Information shown:

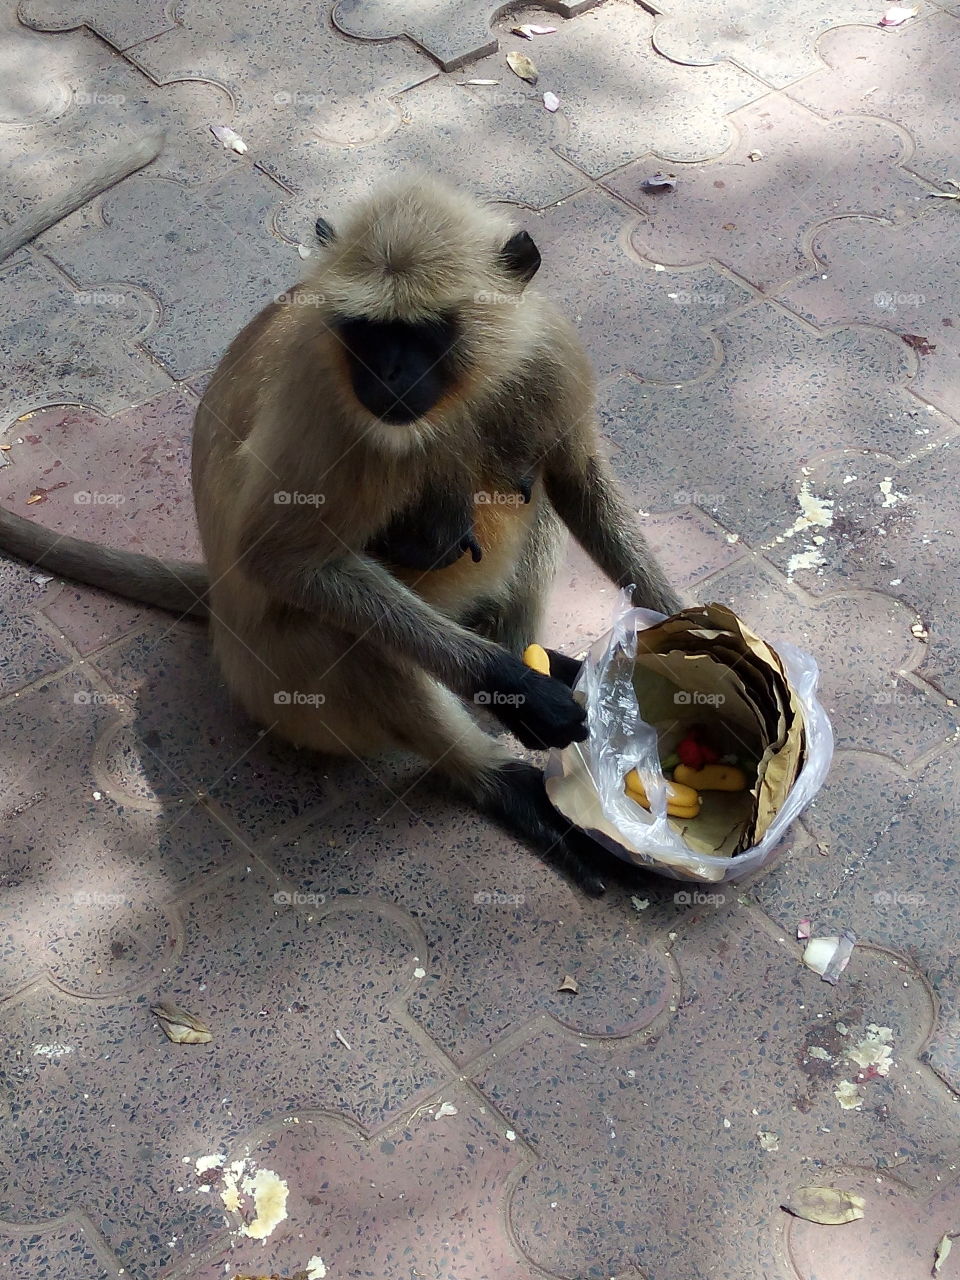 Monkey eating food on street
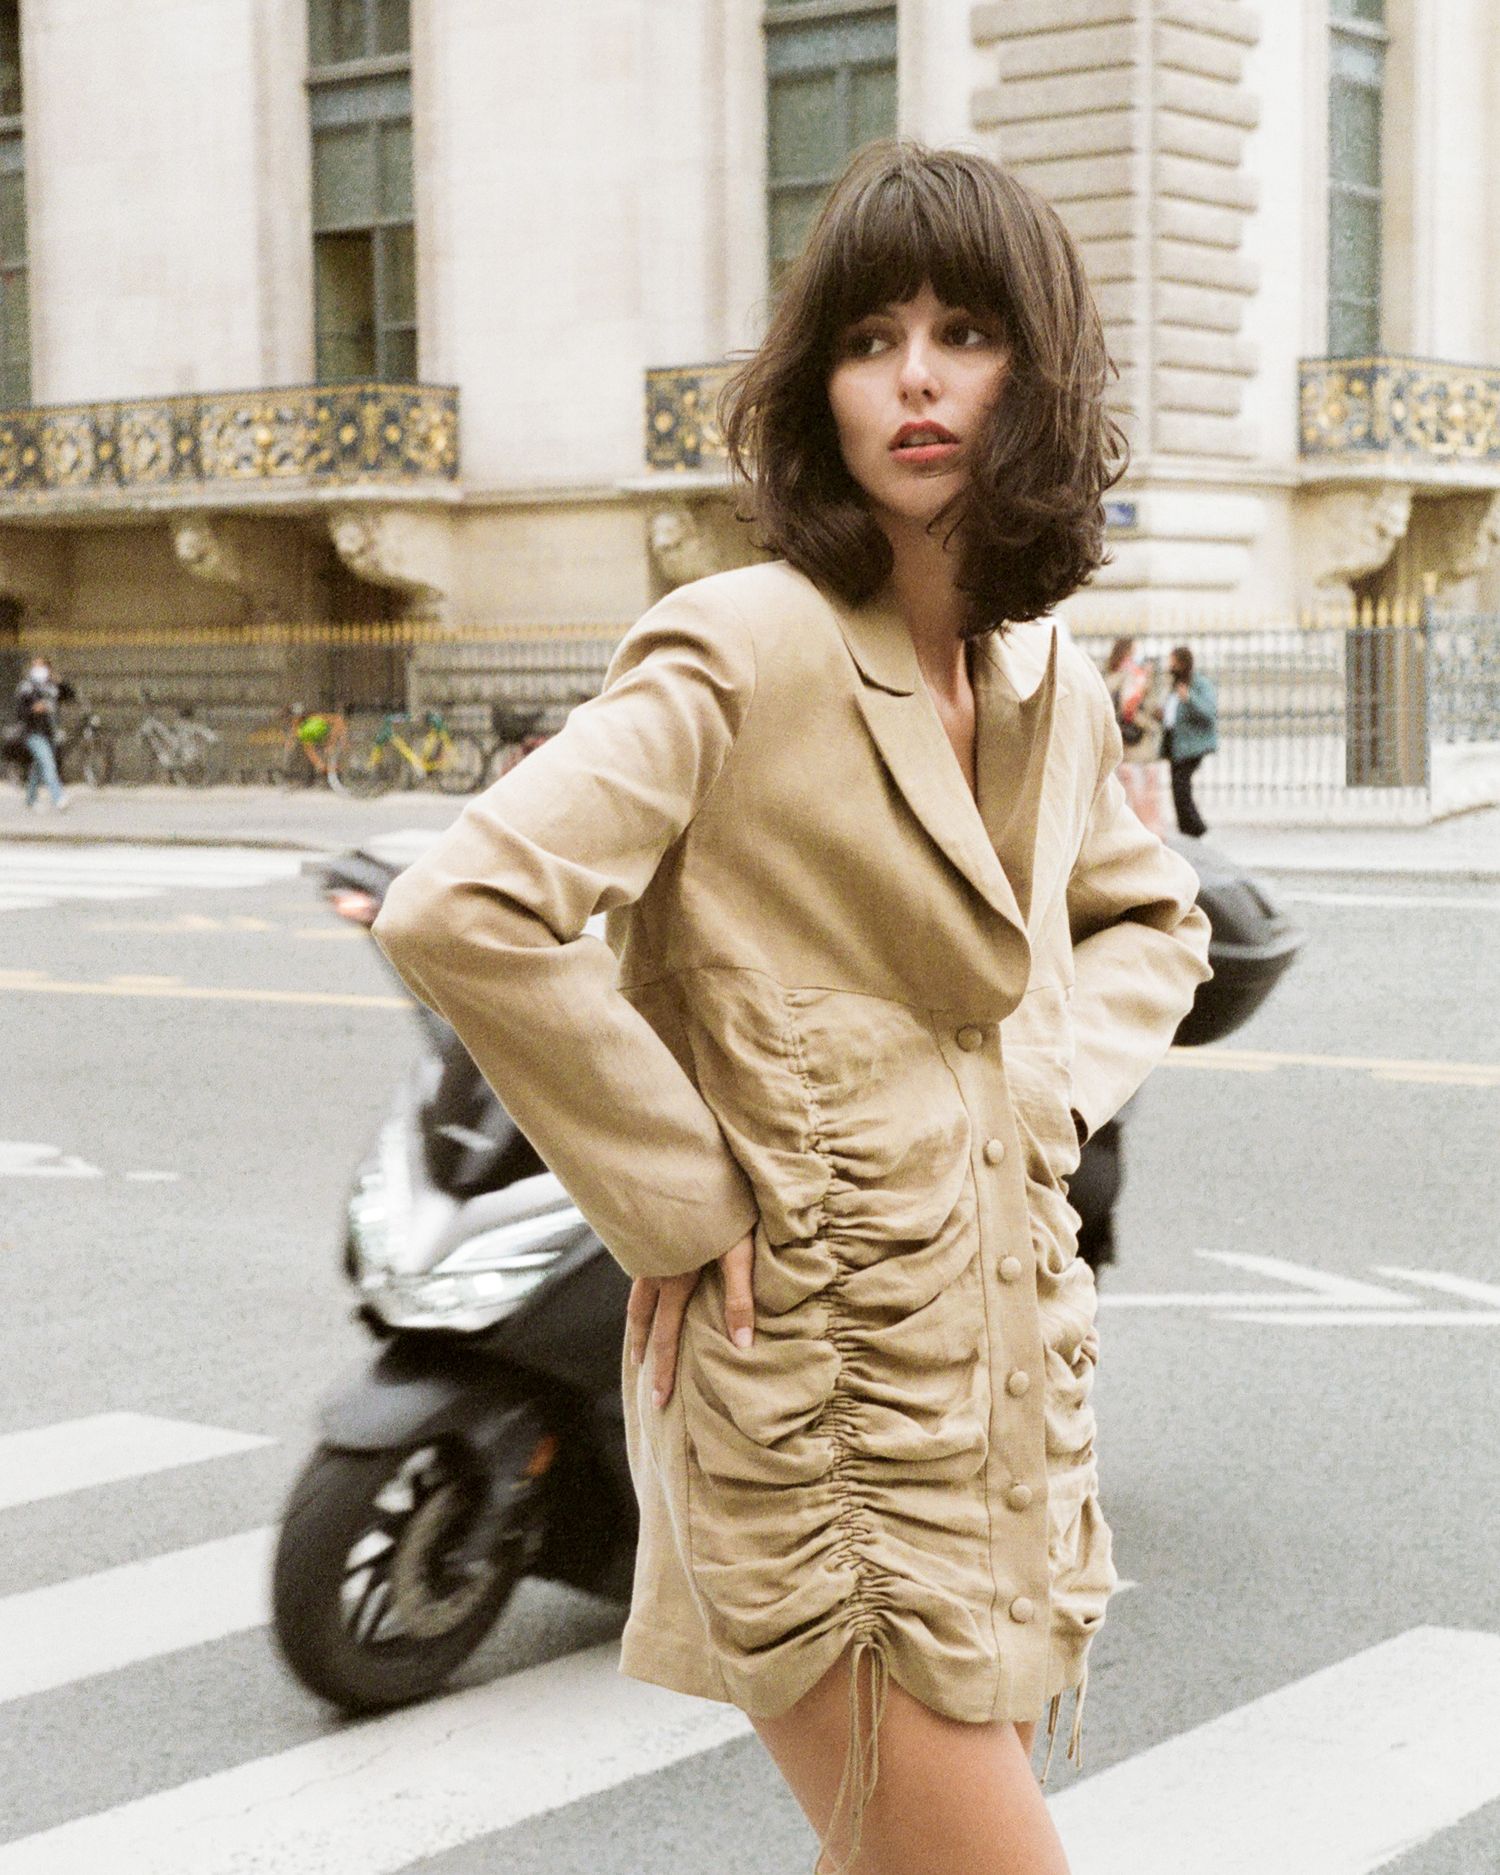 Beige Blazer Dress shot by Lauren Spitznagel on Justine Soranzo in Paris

--

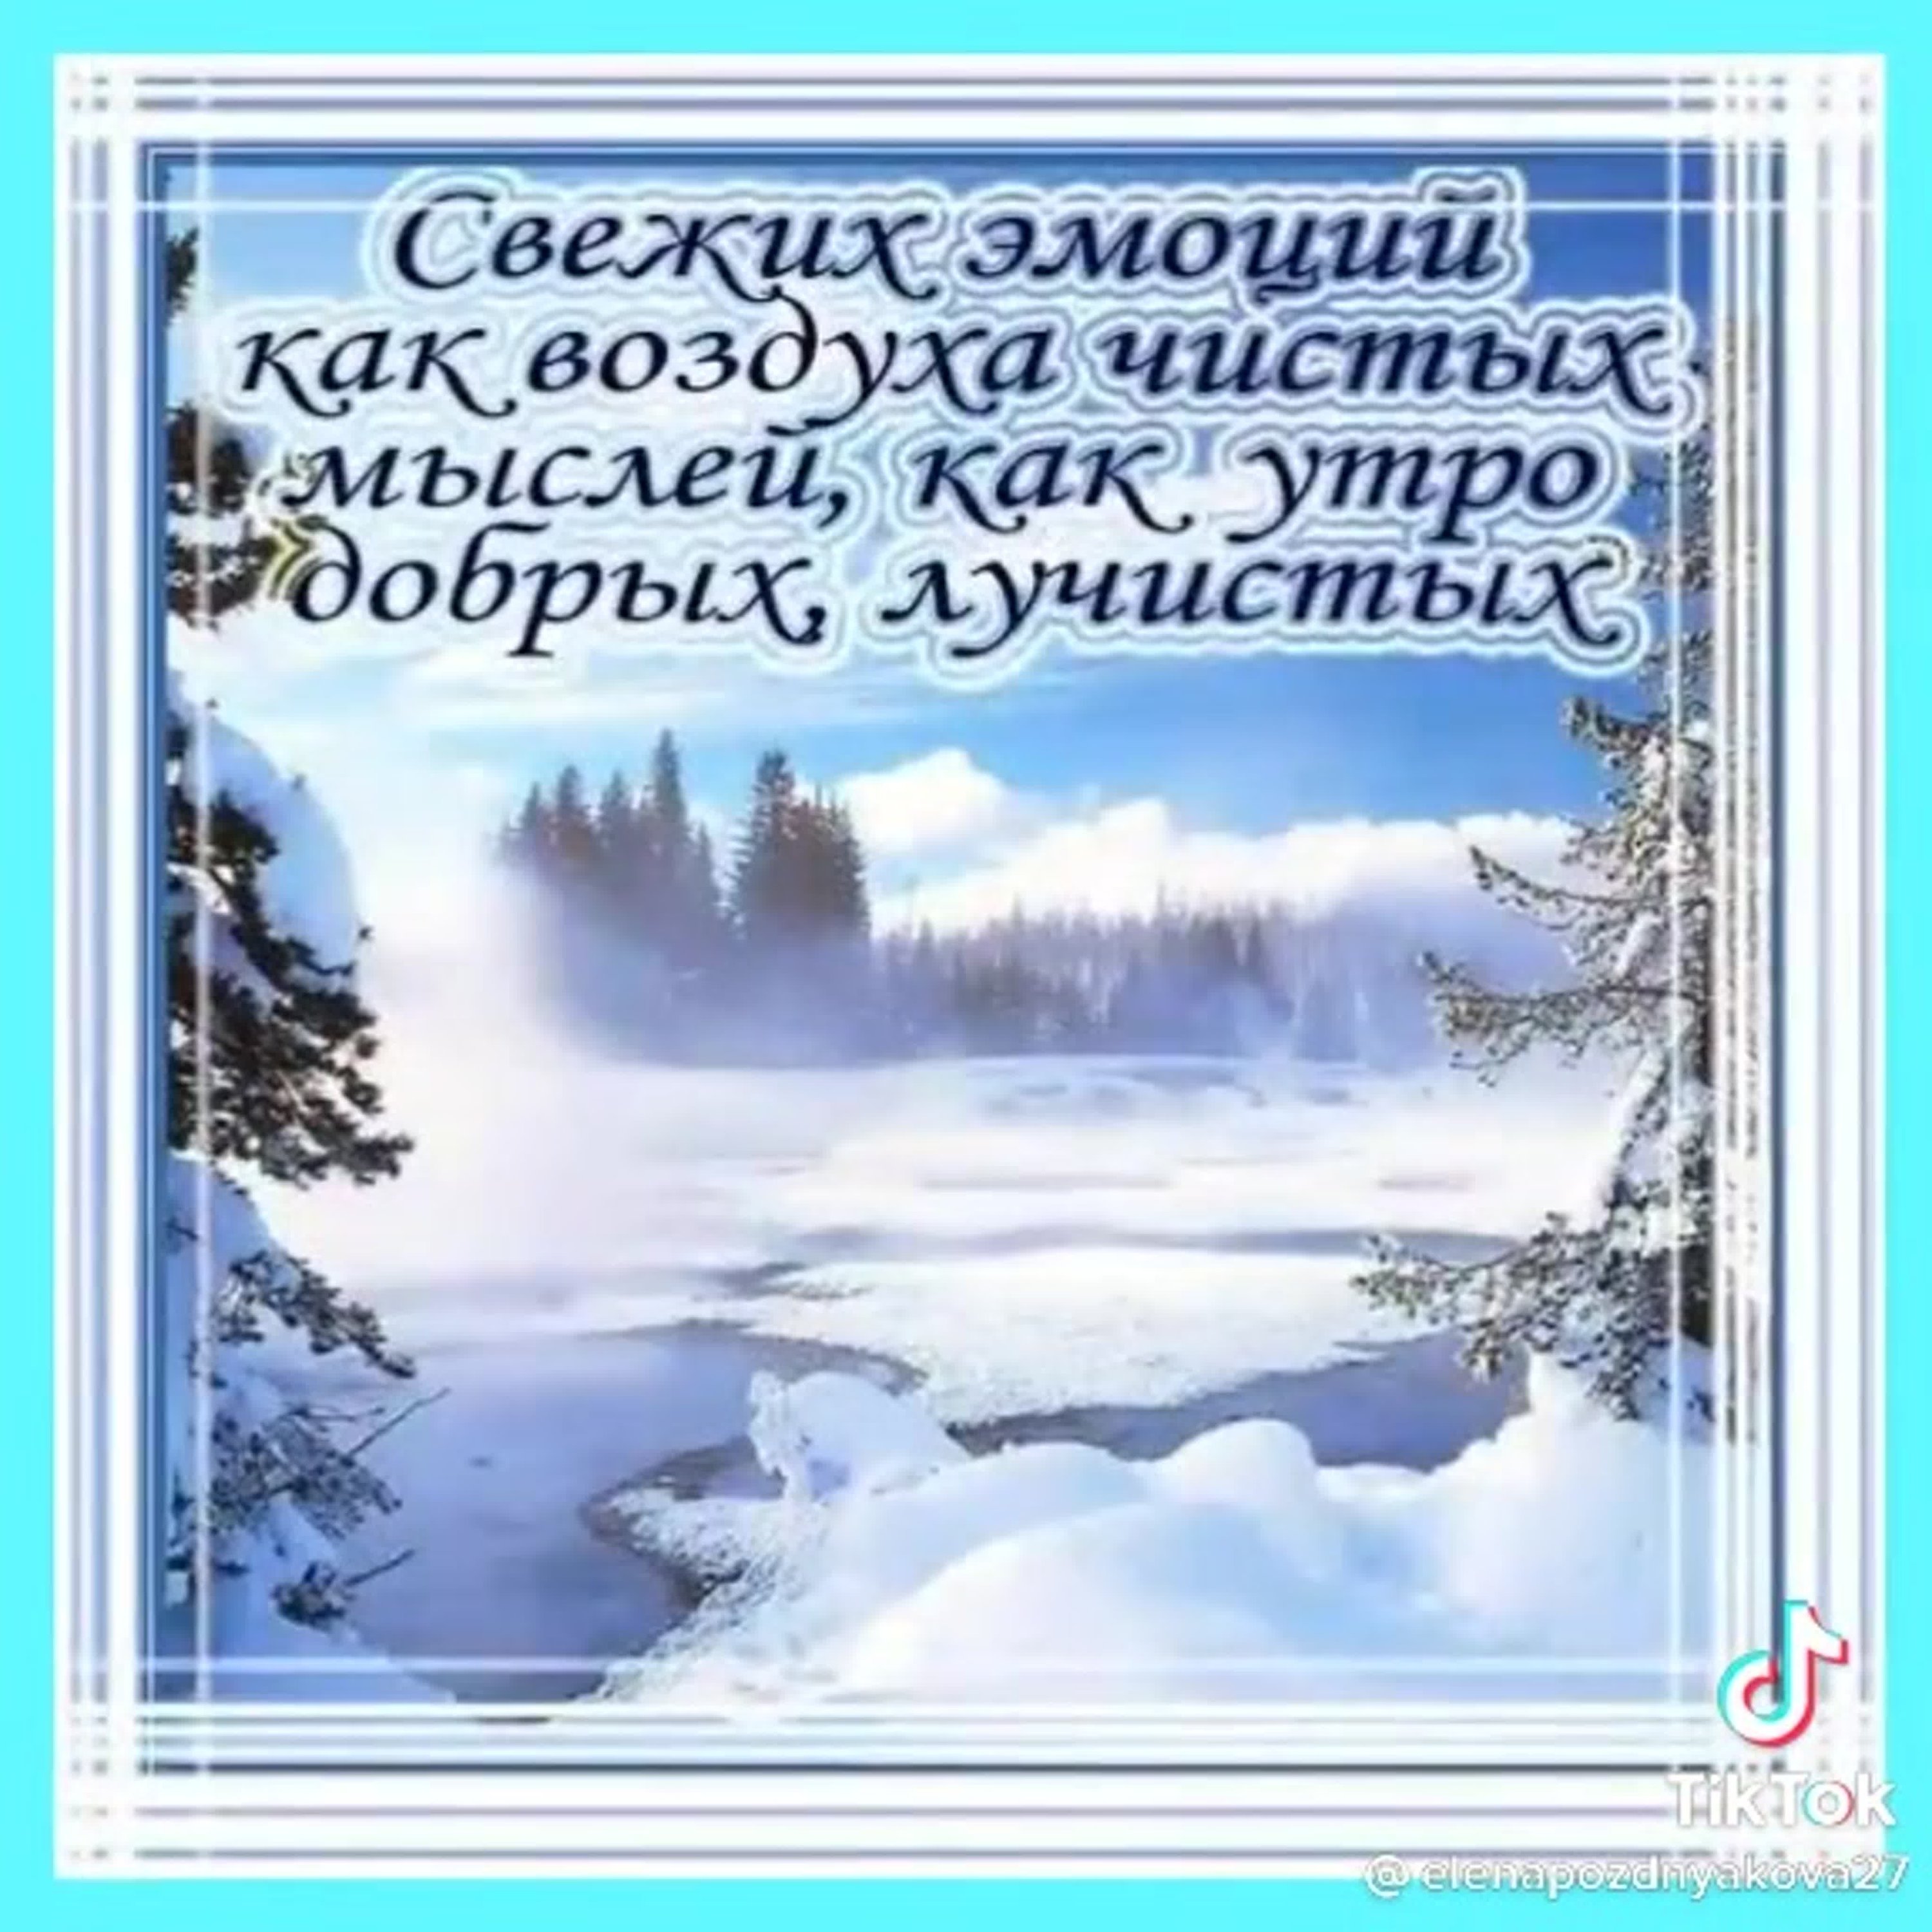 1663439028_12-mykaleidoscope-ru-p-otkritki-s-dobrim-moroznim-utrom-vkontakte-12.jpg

Task details:
Up in the listing, locate the line with "Monkey eating food on street"; print it and every line after it down to the line with "Beige Blazer Dress", which is included too. Skip the pictures.

Result of this task:
 Monkey eating food on street
 Beige Blazer Dress shot by Lauren Spitznagel on Justine Soranzo in Paris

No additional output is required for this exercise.